L’Ermetismo divinatorio, o astrologico, o
visionario, o semplicemente intuitivo, a distanza di tempo breve
o lungo, può pretendere di arrivare alla prescienza di fenomeni
naturali importanti e non aspettati? Sì, partendo dalla premessa
che l’unità universale è in contatto e corrispondenza
perpetua con l’unità uomo. Quindi se la sensibilità di un
uomo eccelle, la previsione di un fenomeno non aspettato
per legge costante di ritorno accertato, non è una cosa che
essenzialmente ripugna alla ragione.
L’astrologia di cui è piena tutta la
storia del mondo religioso dei bassi tempi, è oggi considerata
come una scienza bastarda che non ha altro merito che di
aver partorito una scienza vera quale è l’astronomia. Non
pertanto l’astrologia e l’astronomia sono due cose molto diverse
tra loro, come l’alchimia trasmutatoria e la chimica di
laboratorio – e v’è della gente che ancora si occupa di alchimia
e di astrologia: tutto sta a capire che cosa siano queste due
cose per dichiarare poi da competenti se sono scienze o
pseudo-scienze.
Fatte queste premesse, e lasciando tutta
la responsabilità alle persone che me le comunicano, do queste
notizie:
A –
Secondo i calcoli astrologici compiuti nell’ultimo trimestre, mi
risulta che non vi sarà per l’Ovest di Europa, per le coste Nord
e Nord Ovest dell’Africa, per l’America del Nord e la parte
settentrionale del Sud America, Australia e Giappone nessuna
estesa morìa o pestilenzia che abbia forza di espansione
epidemica o pandemica. Probabilità di tal genere d’invasione
però si approssima e pare debba essere epidemia di forma già
sparita da tempo nella storia delle epidemie.

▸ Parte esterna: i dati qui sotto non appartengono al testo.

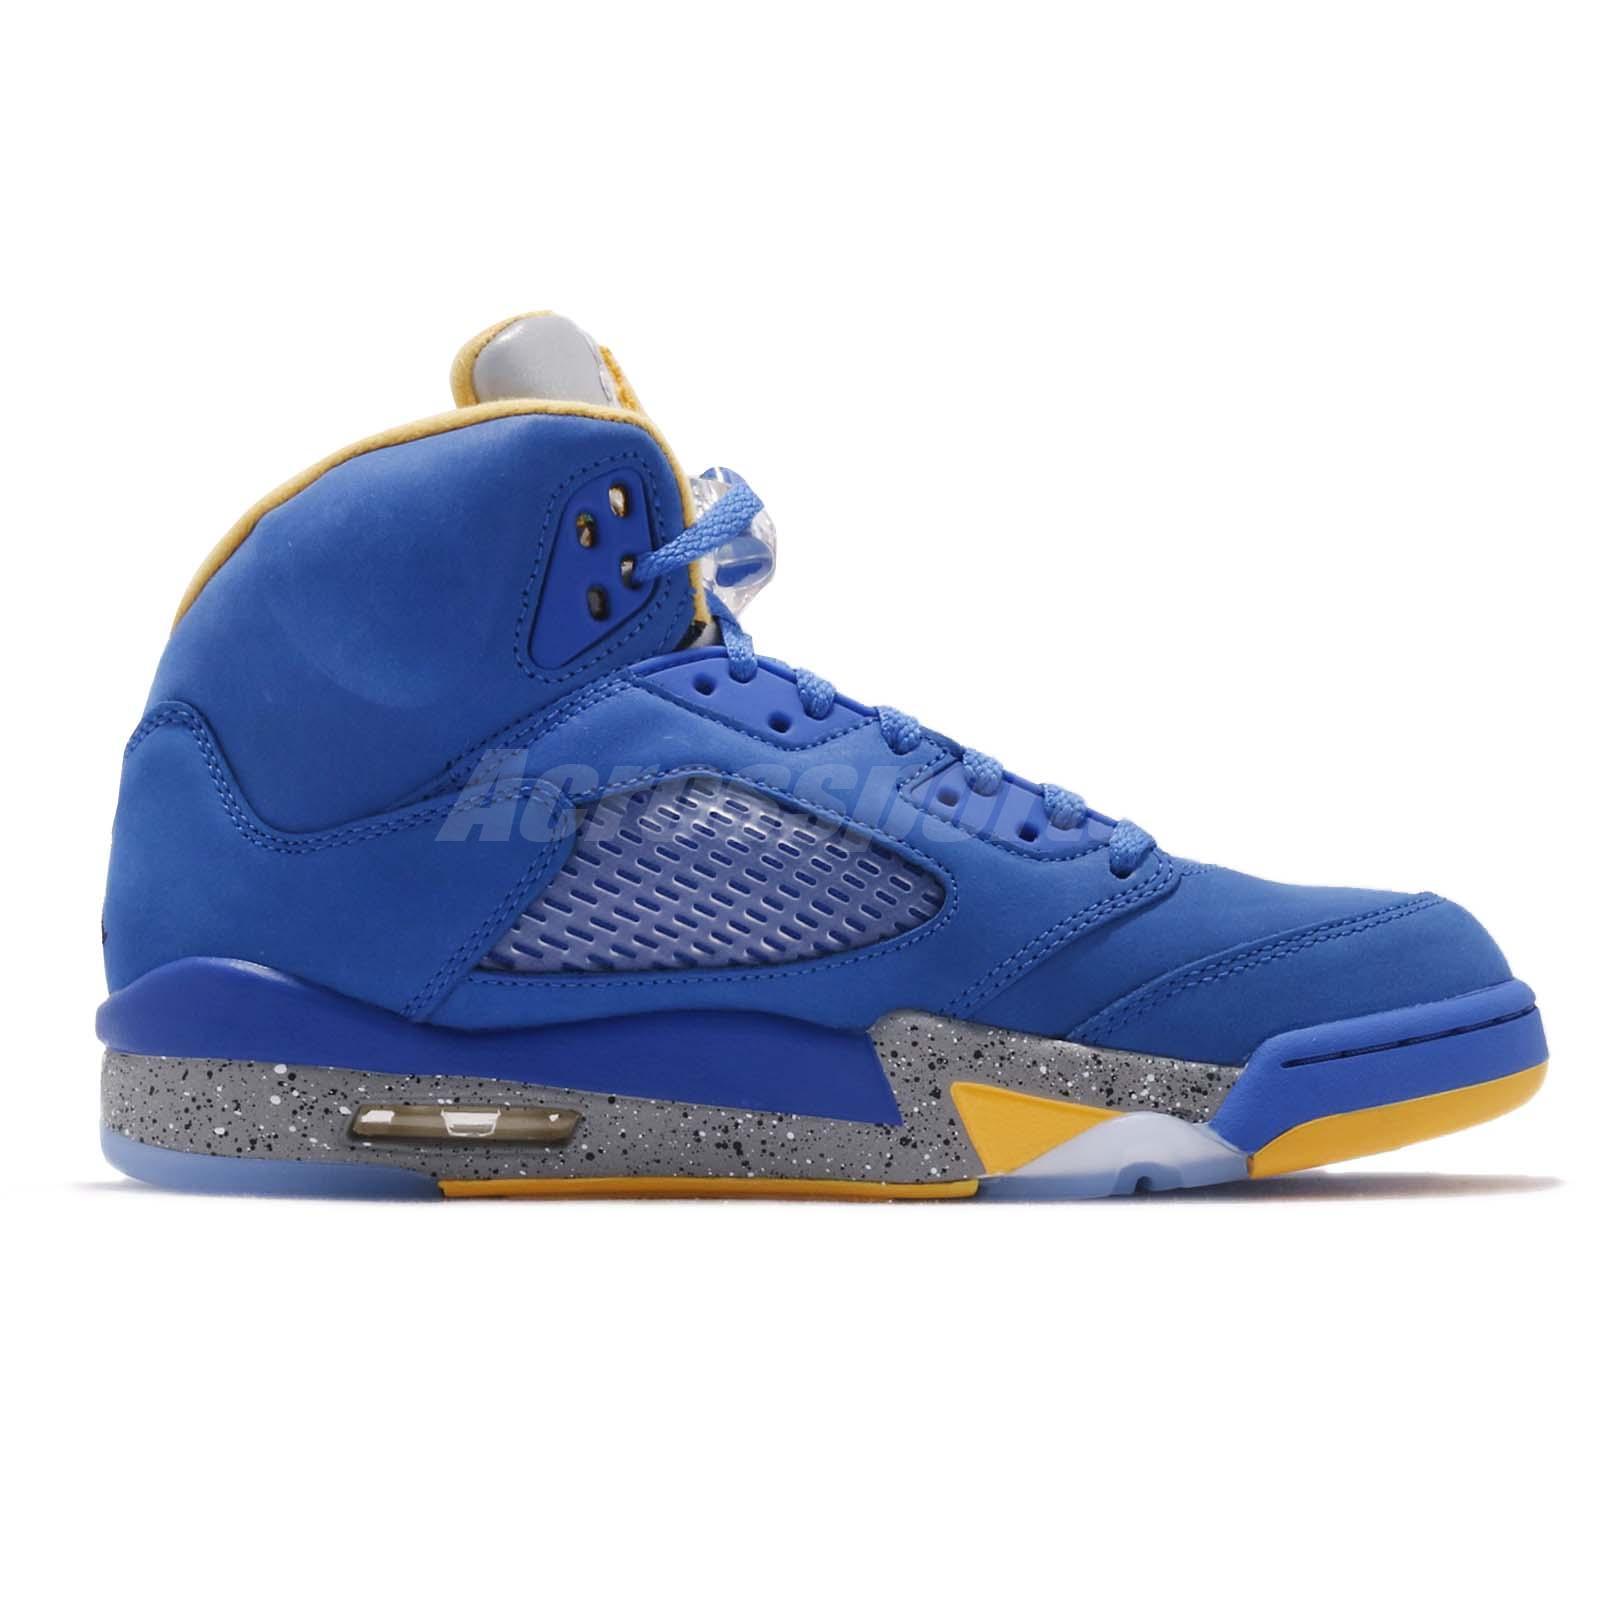 cfc82fe7a27bf0 Nike Air Jordan 5 Laney JSP V Varsity Royal Maize Blue Yellow CD2720 ...

Il tempo in cui si dovrebbe manifestare sarebbe nella fine
del ciclo lunare che comincia dopo il solstizio d’inverno.
Roma, 22 agosto 1910.
K. N.
Come si vede il tempo e la forma epidemica non è precisata che
molto vagamente. In questa seconda comunicazione sarebbe
definito o preannunziato un carattere epidemico:
B
– Devo prevenirle che i miei studii mi portano a questa
conclusione: Invasione colerica vera e propria non vi sarà, ma
prossimamente in Europa pare probabile (direi certa) una forma
diffusissima di malattia di pelle o periferica (vajuolo, lebbra,
morbillo, rogna, peste?). Che il cielo voglia dimostrare false
le mie previsioni.
Chieti, 26 agosto.
R. B.
Quanti lettori non diranno: crepino gli
astrologi?
ó
Tintura di Canape
indiana come profilattica del colera
Un medico della marina inglese, William Wood suggerì l’estratto o la tintura di canape indiana in tempo di colera, poche gocce la mattina il mezzogiorno e la sera. Fu largamente provata al 1884 nel colera di Napoli dai volontari della Croce Bianca e chi ne usò fu sempre immune. – Un abbonato.